A veces las columnas te hablan antes de ser escritas. Por un lado, digamos el derecho, la mía me anima a escribir del Aristófanes de Els Joglars, y de cómo parodian ese reguero de conceptos que, de tanto repetirlos, se han desgastado igual que unos tejanos. Apelamos a la empatía las veinticuatro horas, marginando palabras que antes la comunicaban sin tanta pretensión, como cercanía o comprensión. Y ahí está la simpatía, esa cualidad efervescente arrinconada en nuestro mundo de empáticos antipáticos que, en su asunción de la moral dominante, uniformizan el pensamiento, a menudo tan global e intrascendente como esas cadenas de tiendas de camisetas replicadas.

El grupo teatral, en ¡Que salga Aristófanes! , se sirve de la cara B del teatro clásico, un contra-Sócrates y contra-Eurípides que, sin pretenderlo, inspiraría a generaciones de feministas: en su Lisístrata , las mujeres se declaran en huelga sexual hasta que se alcance la paz. La función, con un gigante Fontserè al mando, arremete también contra los derechos de los animales, la cancelación de artistas poco ejemplares, el lenguaje inclusivo, la sostenibilidad, las falsas denuncias de acoso –aunque los datos demuestren que son una anécdota– y hasta que exista un Ministerio de Cultura ¡y Deporte! Qué saludable ejercicio democrático es la crítica, y más aún cuando la sátira mezcla ruido con Schubert.

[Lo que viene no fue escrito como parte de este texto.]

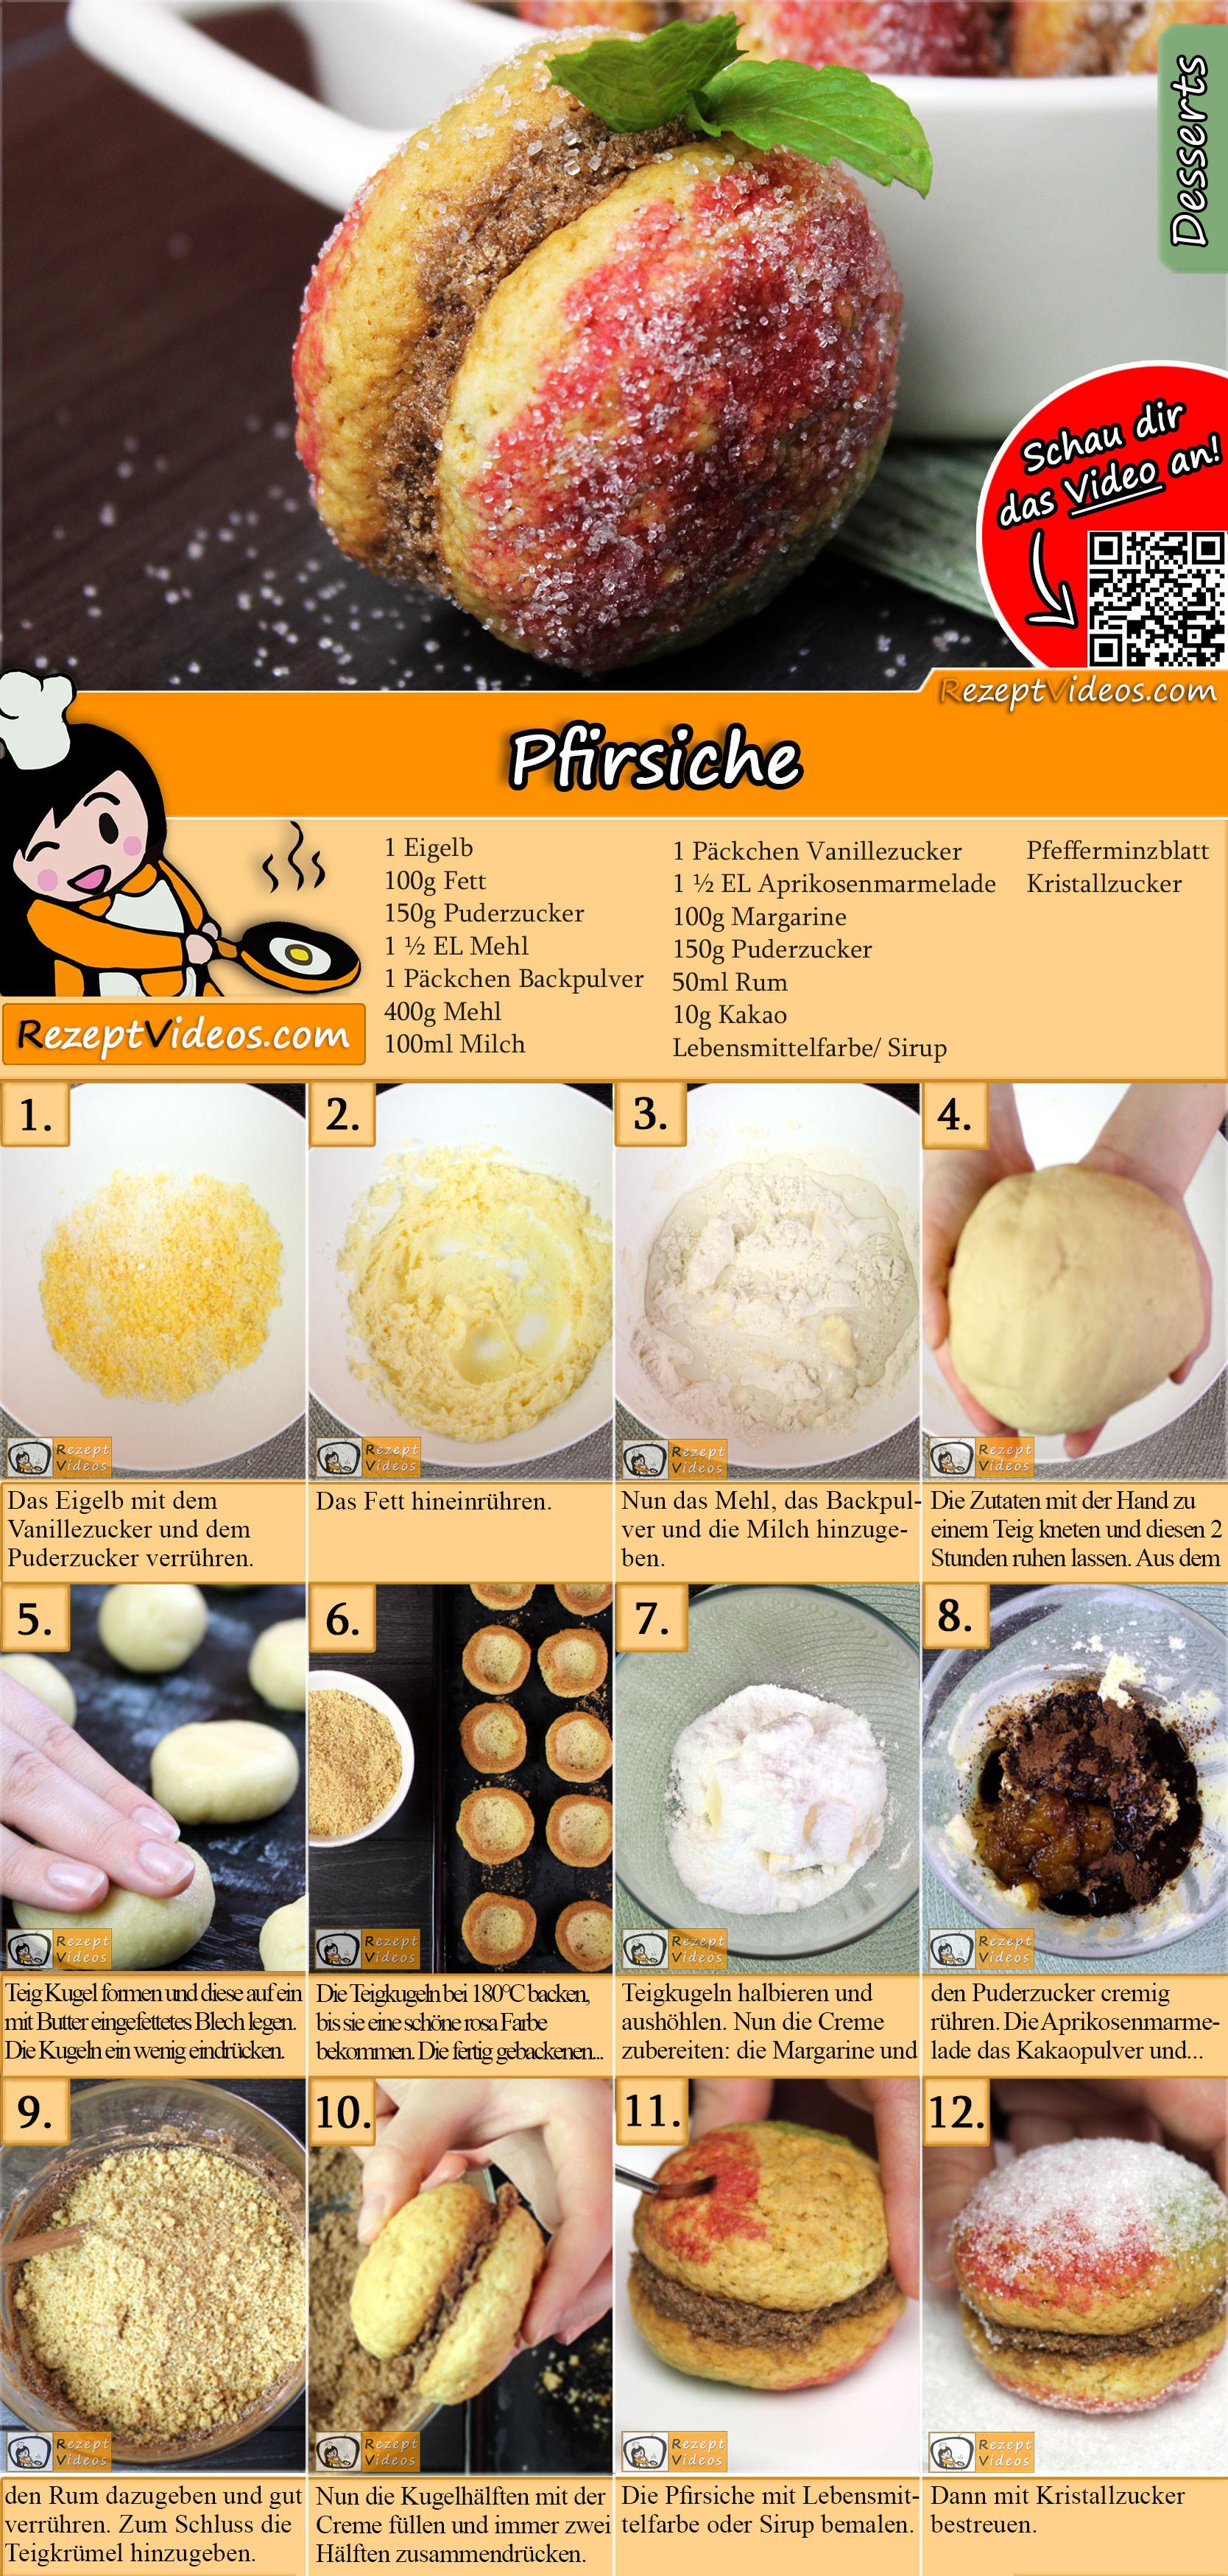 Pfirsiche Rezept mit Video
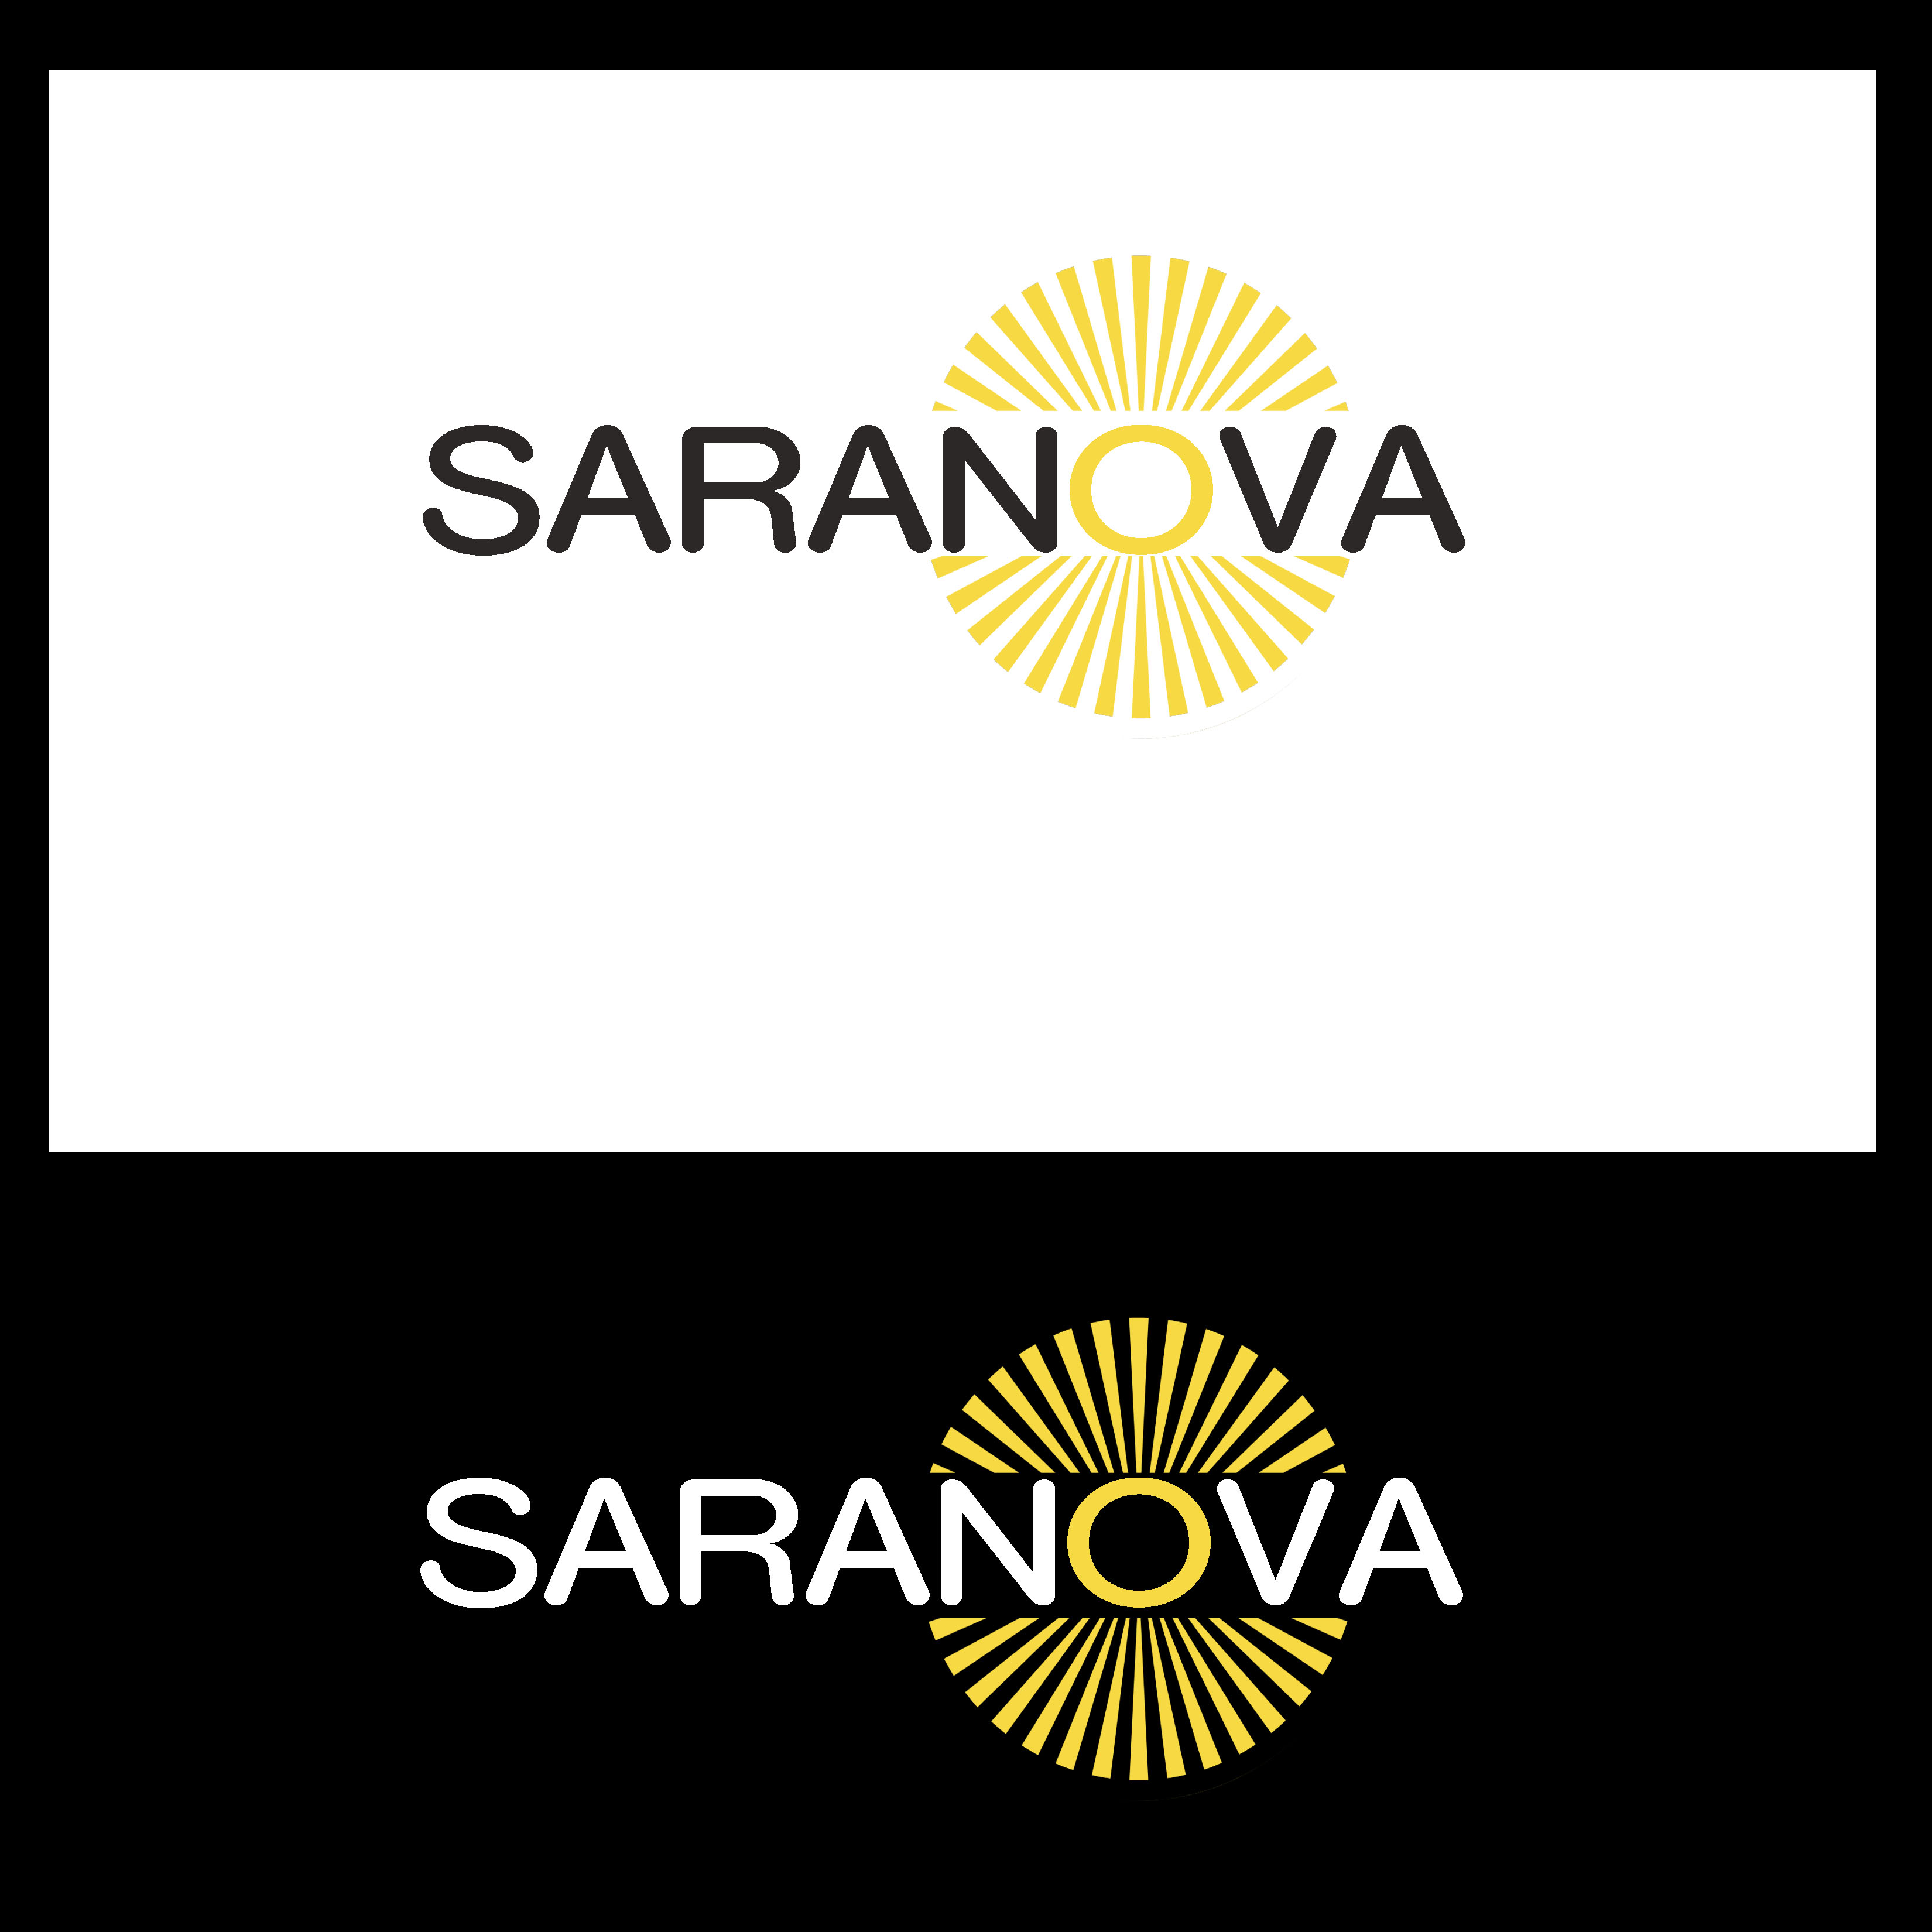 Logo Design by Allan Esclamado - Entry No. 29 in the Logo Design Contest Artistic Logo Design for Saranova.

En cambio, por la izquierda, la columna me pide que repase los premios Goya, que reunieron todos los ingredientes del llamado pensamiento woke : la desigualdad de las mujeres, la galopante deshumanización de un mundo que ahoga al náufrago en lugar de salvarlo, los patrones abusones aplaudidos todavía por la moral del patriarcado o la necesaria pedagogía del perdón. El espectáculo nos ofrecía un espejo hiperbólico en el que unos se reconocían y otros se enajenaban.

“El tiempo está fuera de quicio”, exclama Hamlet. El fantasma del horizonte perdido ya planeaba en Shakespeare, y solo ha ido mudando de sábana. Hoy, sorprende aquel pensamiento de Virginia Woolf cuando anotó que hubo un día –ella lo fechó en 1910– en que el carácter humano cambió. Hoy en día seguimos pensando lo mismo, enrocados en la polarización de los bandos, atentos a la pretendida superioridad moral de la izquierda y al negacionismo de una derecha que satiriza las transformaciones de la experiencia sensible. Los tiempos están descoyuntados, sí, como siempre, por ello temblamos cuando se abren los escenarios, sea por la derecha o por la izquierda.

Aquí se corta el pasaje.